Your task is to copy the listing exactly. Drop any pictures from the copy.

* [Supplied information]
————————

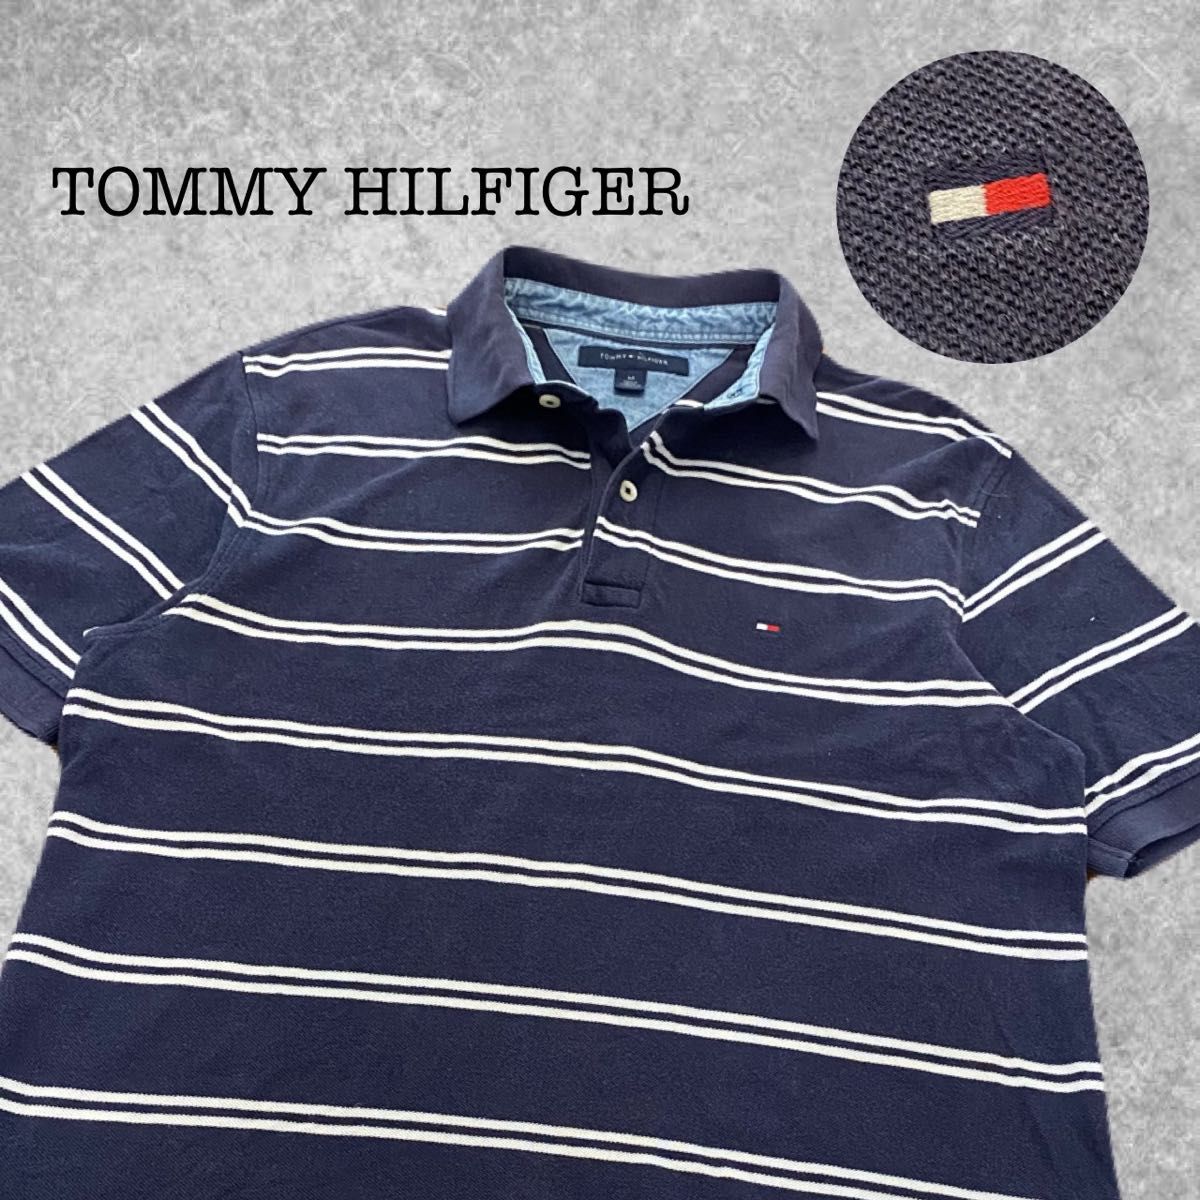 A-306★TOMMY HILFIGER トミーヒルフィガー★ネイビー紺色 ボーダー ロゴ刺繍 半袖 鹿の子 ポロシャツ M
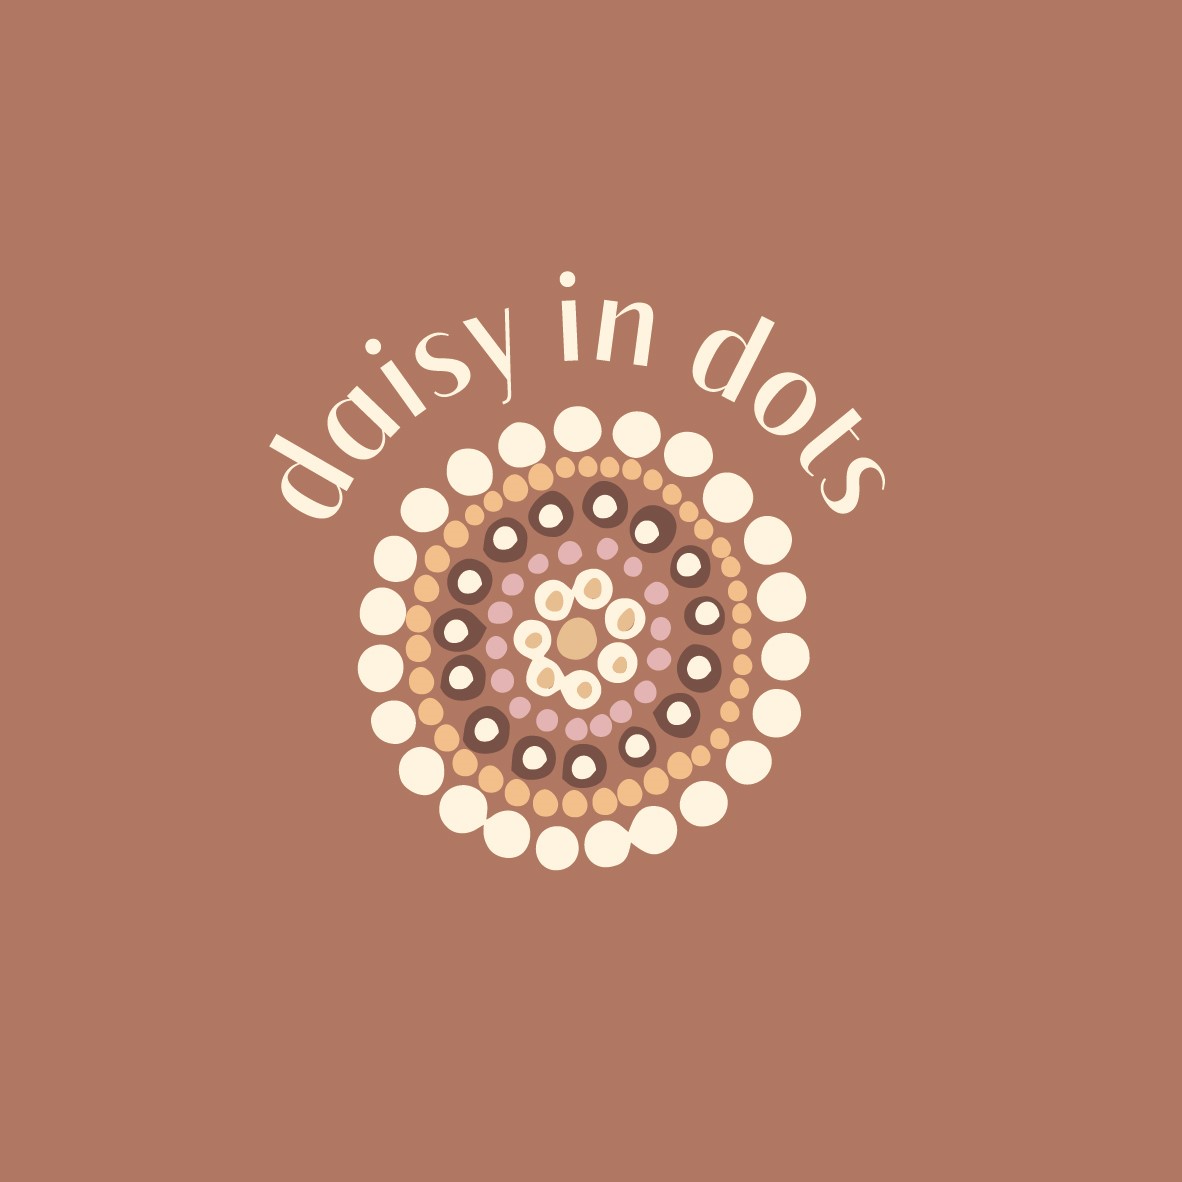 Animals, Australian, Typography, Indigenous, Fashion, DG Designs, Daisy in Dots Artworks
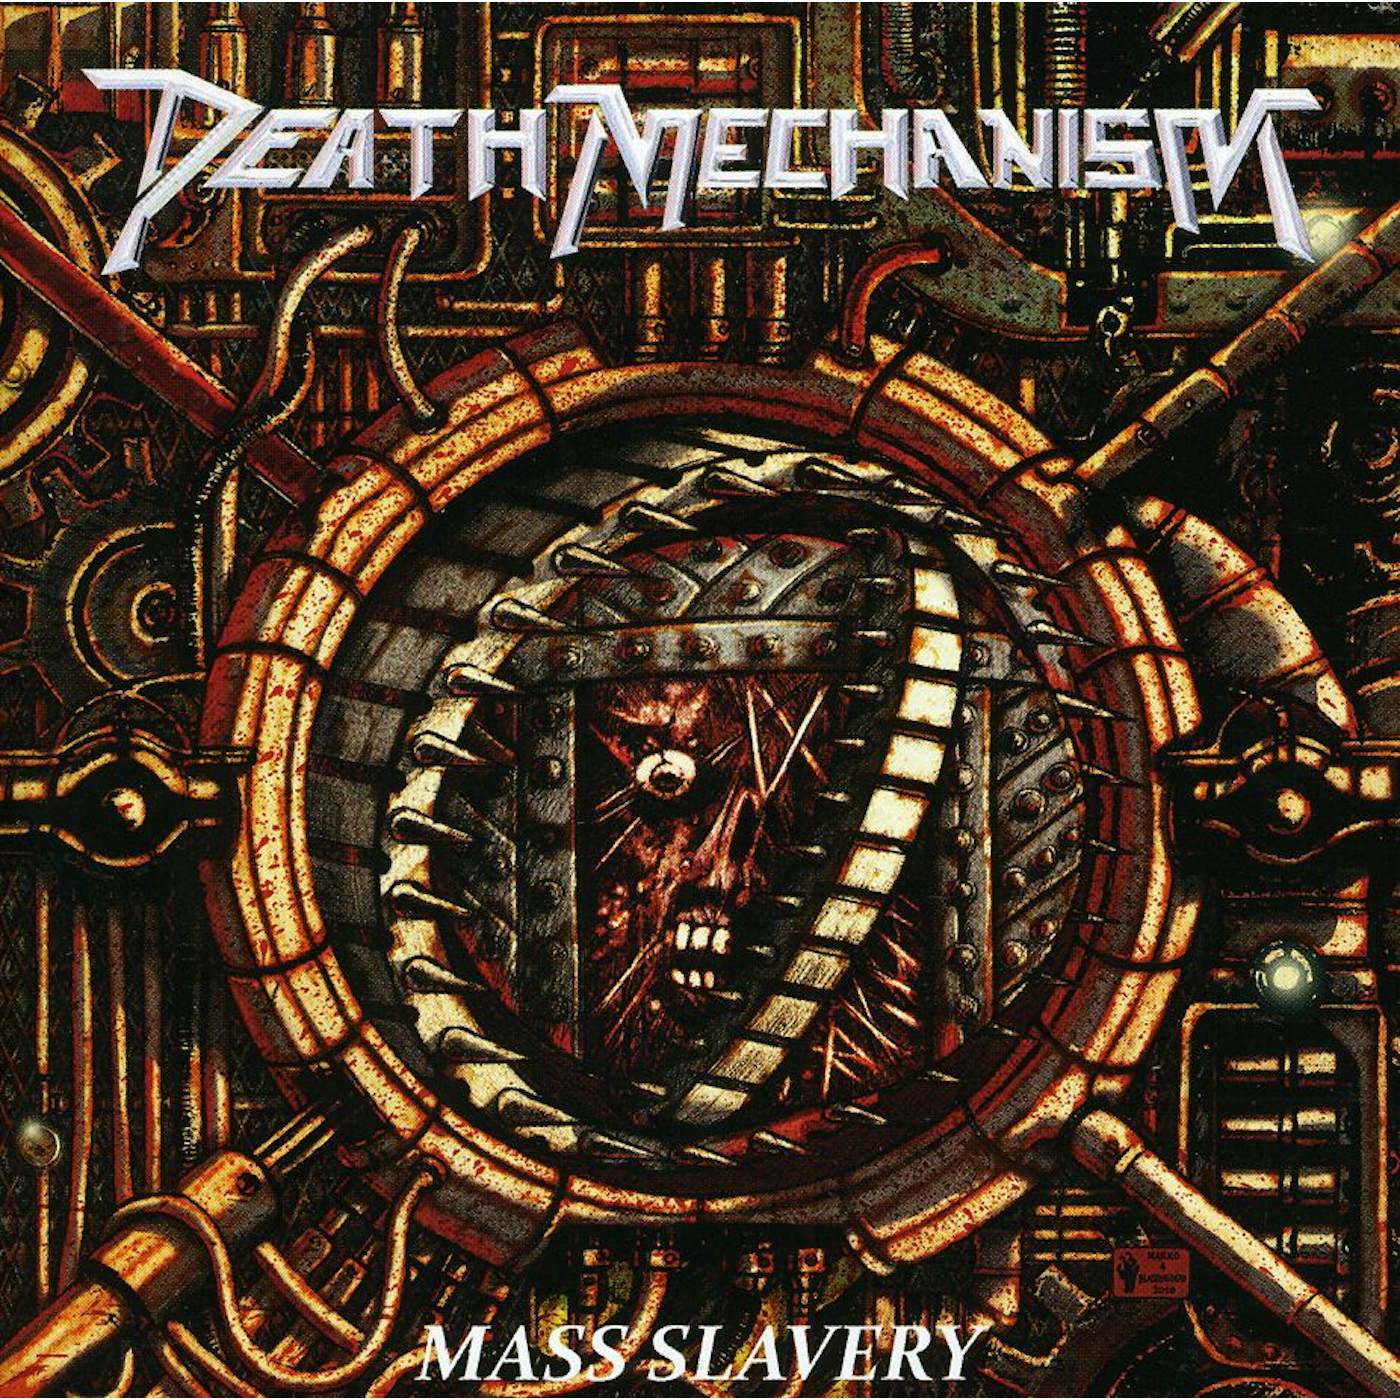 DEATH MECHANISM CD
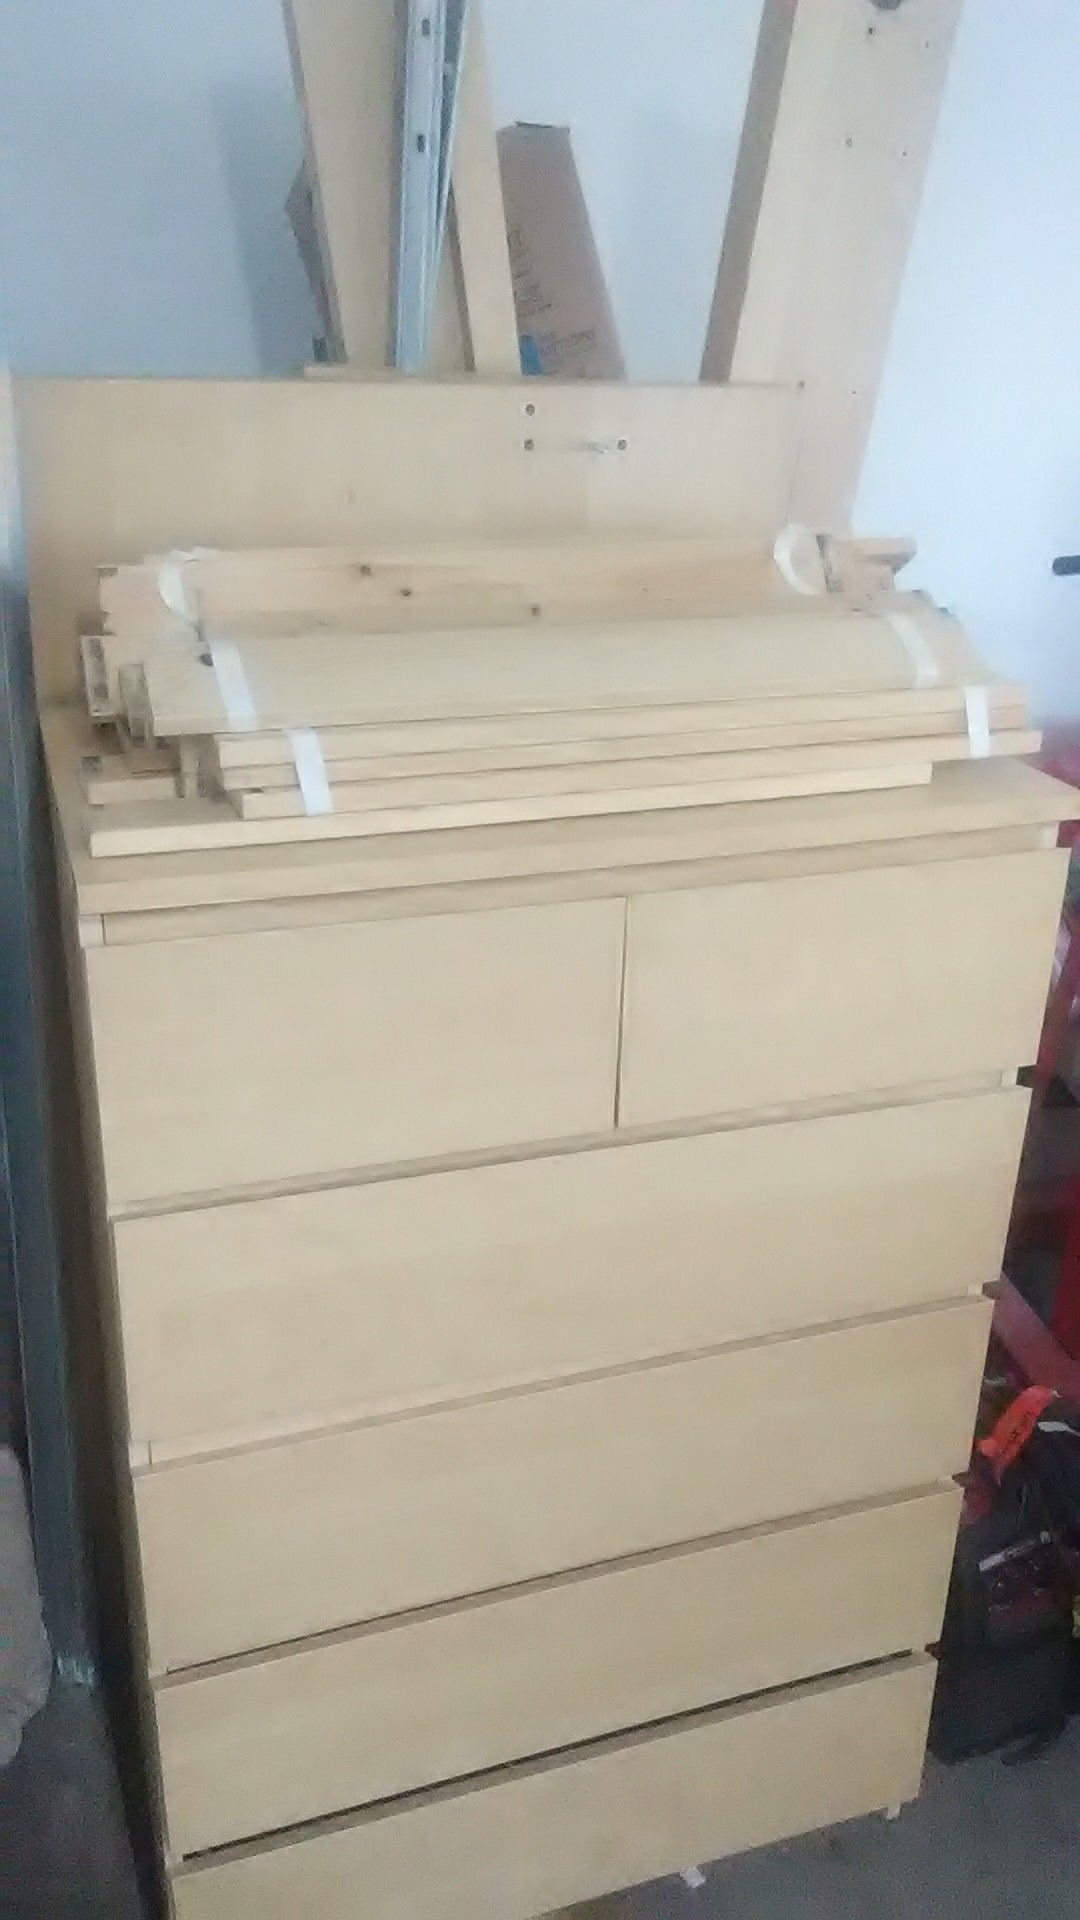 Ikea bedroom set

————————

* [Completed task]
 A-306★TOMMY HILFIGER トミーヒルフィガー★ネイビー紺色 ボーダー ロゴ刺繍 半袖 鹿の子 ポロシャツ M
 Animals, Australian, Typography, Indigenous, Fashion, DG Designs, Daisy in Dots Artworks
 DEATH MECHANISM CD
 Ikea bedroom set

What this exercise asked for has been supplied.